И действительно — как будто вчера: 19 декабря 2013 года, пресс-конференция президента, на исходе ее четвертого часа, уже спустившись с трибуны, Путин, как бы мимоходом, отвечая на вопрос журналистов о судьбе зека Ходорковского, вдруг произнес: «Михаил Борисович должен был в соответствии с законом написать соответствующую бумагу. Он этого не делал. Но совсем недавно он написал такую бумагу и обратился ко мне с прошением о помиловании. Он уже провел в местах лишения свободы более десяти лет, это серьезное наказание. Он ссылается на обстоятельства гуманитарного характера: у него больна мать. Я считаю, что имея в виду все обстоятельства, можно принять соответствующее решение, и в ближайшее время будет подписан указ о его помиловании». Что говорил Путин до этого на протяжении четырех часов все забыли в ту же секунду. СМИ мира давали молнии: Путин милует Ходорковского.

Декабрь 2013-го

В это время адвокат МБХ, Елена Левина, была в поезде Петрозаводск — Москва: она ехала как раз из ИК–7 в Сегеже, где была у своего подзащитного; она вышла и пересела в обратный поезд, но следующим утром Ходорковского в колонии уже не было.

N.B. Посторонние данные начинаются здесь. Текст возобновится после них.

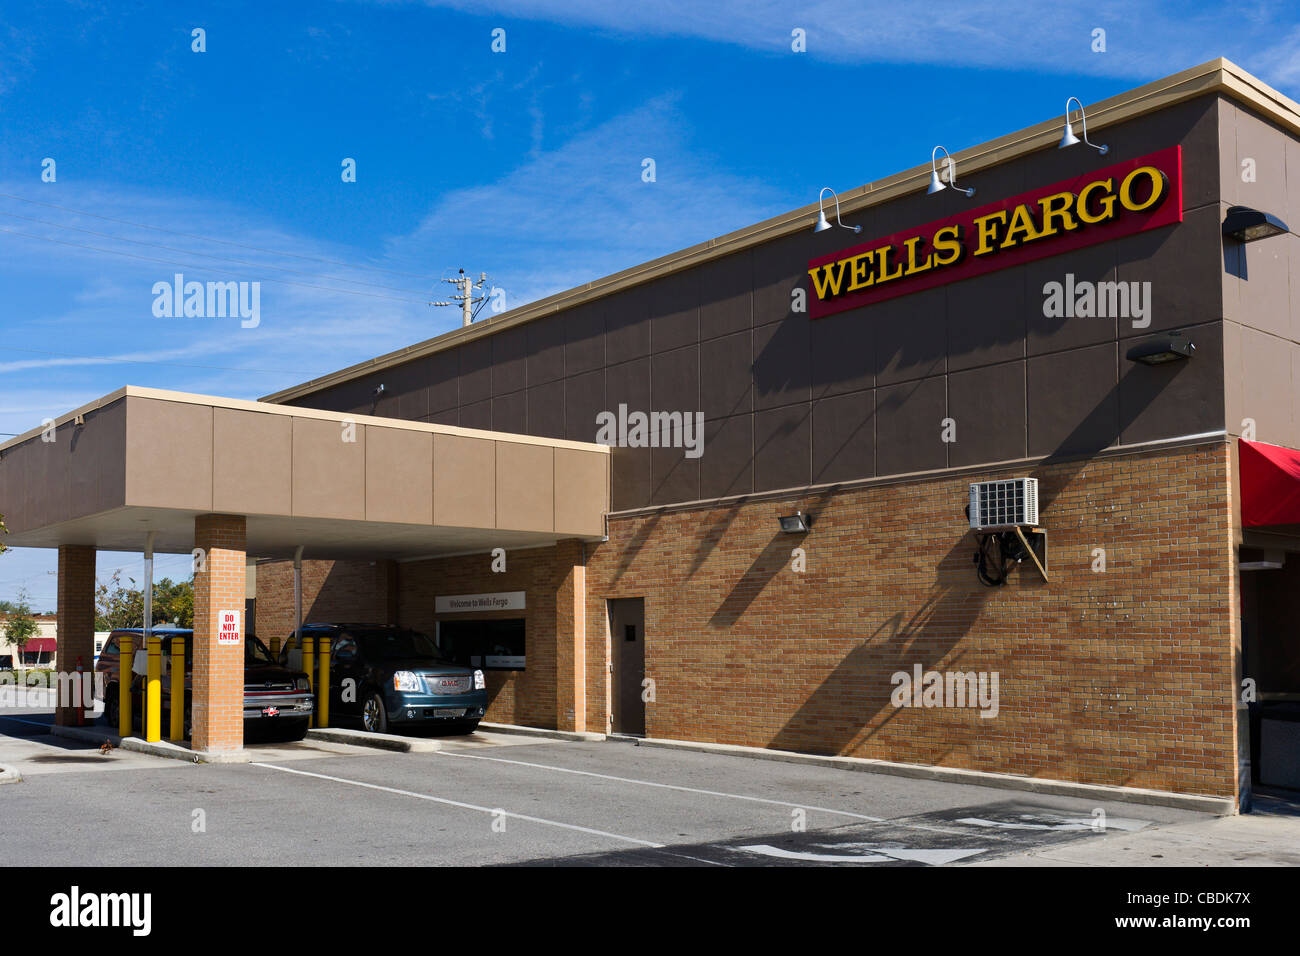 Guidare attraverso gli sportelli presso una filiale della Banca Wells Fargo Bank, lago del Galles, Central Florida, Stati Uniti d'America Foto Stock

МБХ, как рассказывал он потом The New Times в своем самом первом интервью на свободе, о помиловании узнал из вечерних новостей госканалов. Решения этого он ждал: еще 12 ноября он написал прошение о помиловании, в котором не было признания вины: «Если бы я написал признание вины, то мама моя меня бы домой не пустила».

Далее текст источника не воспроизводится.